That is why it is so important to have information about what margin of maneuver there is over each expense or invoice when prioritizing and designing the strategy of what is to be paid and what is not. “When there is a drastic loss of income due to unemployment, illness or other misfortune, it is about facing the situation as soon as possible, to evaluate the obligations contracted and the periodic payments and to face them through negotiations, postponements or subdivisions, depending on the case,” they recommend. from the Spanish Confederation of Organizations of Housewives, Consumers and Users (Ceaccu). In general, experts suggest that there is usually more possibility of negotiating deferrals or split payments with the Administration (for example, when paying
taxes) or with banks that with service companies, although some also offer facilities for the unemployed or people with economic problems (see support information).

The strategy

Knowing how each creditor acts can make it possible to design the strategy of renegotiation, postponements, shortages, and so on. “It is not about seeing what I am going to postpone this month, but about specifying what I am going to change to adjust my expenses to the current income; We must focus on the essentials, and budget imbalances usually come from a high level of indebtedness or high levels of spending with cards; the priority should be to eliminate debts with higher amount and terms, renegotiate what affects the house, and lead an economy of grandparents, ordering the expenses and reserving a departure for each thing; there is an initial period of strong sacrifice but then, month after month, the situation is recomposed and can be lived, “sums up Xavier Subirats.

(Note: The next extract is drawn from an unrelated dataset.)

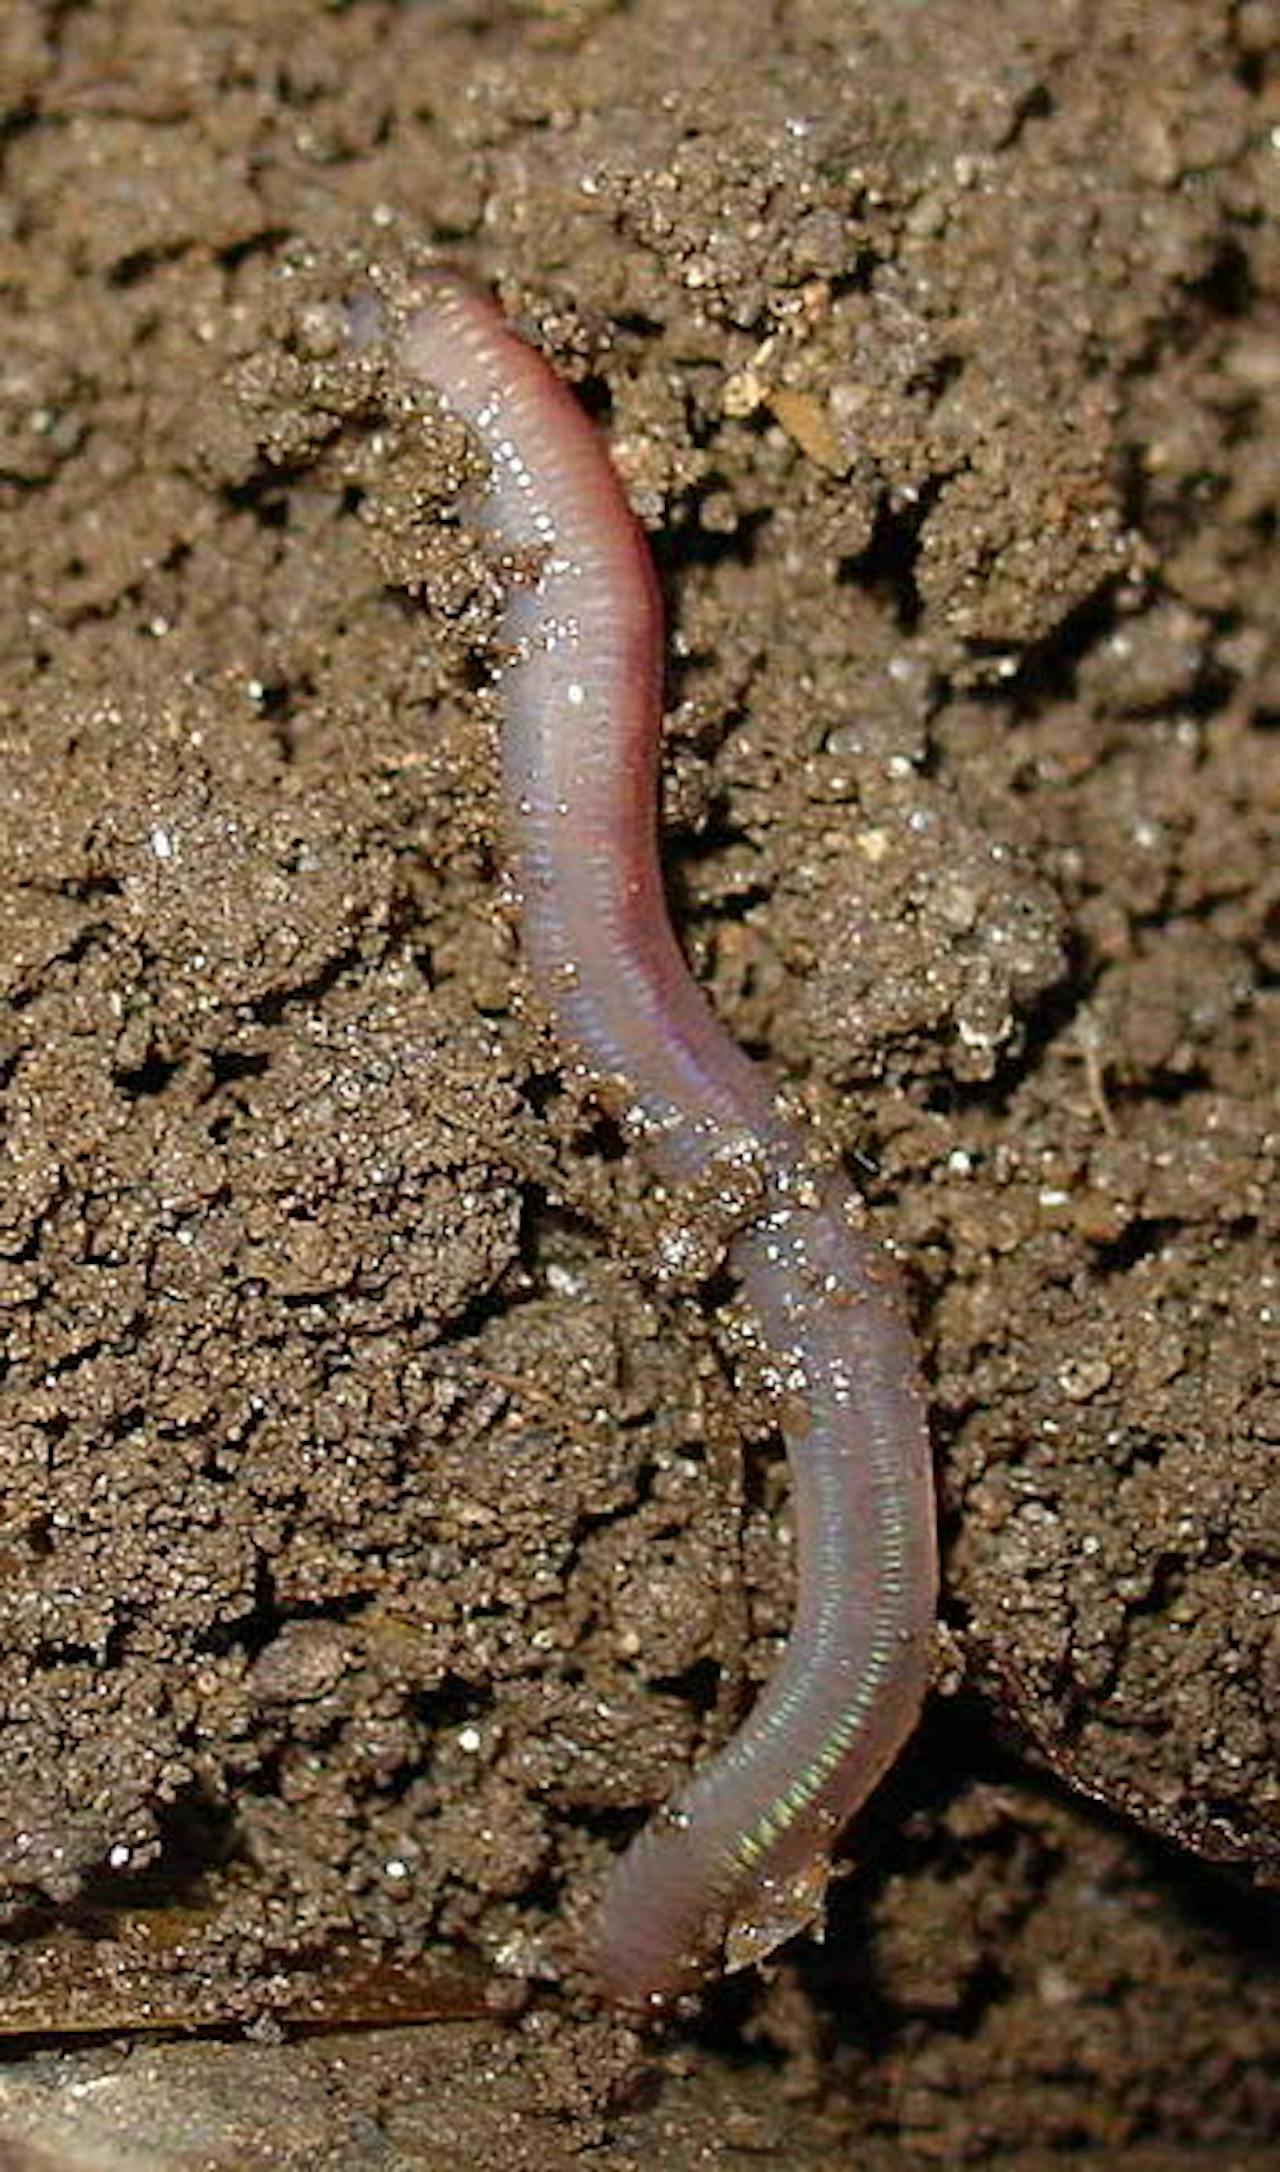 Een kleine worm die door de aarde kruipt.

He warns, in this sense, that postponing payments does not solve anything, it is only a transitory tool “because if your income does not reach the level of expenses, postponing will only add more debt ” because you will not be able to pay when the time comes. Experts also warn about the high price paid for some deferred payments, such as those of credit cards, which carry interest rates of more than 20% per year in most cases. In fact, the advice of insolvency specialists is to cancel the debts owed to the cards as soon as possible, because they are very expensive and the monthly fee usually includes little capital and many interests, so that the debt is perpetuated over time. . That’s why it may be more interesting to negotiate deferments or reductions in mortgage payments or payments to the Administration, which have a lower interest, and release that money to pay off the more expensive debts.

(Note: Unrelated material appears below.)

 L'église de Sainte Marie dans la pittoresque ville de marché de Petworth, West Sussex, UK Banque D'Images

“Not everyone can redo their finances , because there are people who have lived with a level of income and expenses that can hardly be recovered in the medium term, but there are many others that simply go through temporary difficulties and banks, in those cases, they show willing to negotiate and to admit solutions of deficiency or deferment of quotas to obtain that that person pays less, but pays, in hope of which it finds employment or improves its situation “, indicates Subirats. He adds that what is not easy is to get new credits or that the bank lets you group debts contracted with other entities.

The execution

The negotiation with the creditors and the application of the savings plan can not be improvised either, one must think carefully about the strategy to follow. If one is clear that with a deficiency, rebate or deferment could pay your creditor, it is worthwhile to warn you that you have problems paying and to raise alternatives and negotiate possible solutions. But when you know that no matter how much you tighten the belt can not pay a debt, it is better not to anticipate the problem to the creditor and, on the contrary, it is convenient to try to buy time. The latter is of vital importance in the case of the mortgage, because all the time that can delay the start of the enforcement and the embargo is time that person will continue to enjoy their home, admit legal sources. But, eye, that to give long is not to ignore the requirements that the bank or any other creditor does, because that can complicate the things. “Collect all the correspondence that comes to us, be warnings, demands, etc., will allow us to have precise knowledge of how the different procedures are developed; we must bear in mind that judicial processes are not paralyzed by the debtor’s non-location, but continue in his absence, “explains José María Marqués. In fact, your advice is to take advantage of that time to put yourself in the hands of a lawyer, going to the corresponding Bar Association to request one of the free justice service if you do not have money to hire one.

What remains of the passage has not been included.